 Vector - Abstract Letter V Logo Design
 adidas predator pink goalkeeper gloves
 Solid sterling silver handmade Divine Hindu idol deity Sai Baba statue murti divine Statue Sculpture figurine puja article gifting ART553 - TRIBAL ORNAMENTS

...

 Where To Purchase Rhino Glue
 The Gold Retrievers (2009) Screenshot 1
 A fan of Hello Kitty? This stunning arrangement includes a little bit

◆ What is being asked ◆
Quote the data above from the line containing "Where To Purchase Rhino Glue" to the line containing "A fan of Hello", inclusive, and stop.

◆ Problem solution ◆
 Where To Purchase Rhino Glue
 The Gold Retrievers (2009) Screenshot 1
 A fan of Hello Kitty? This stunning arrangement includes a little bit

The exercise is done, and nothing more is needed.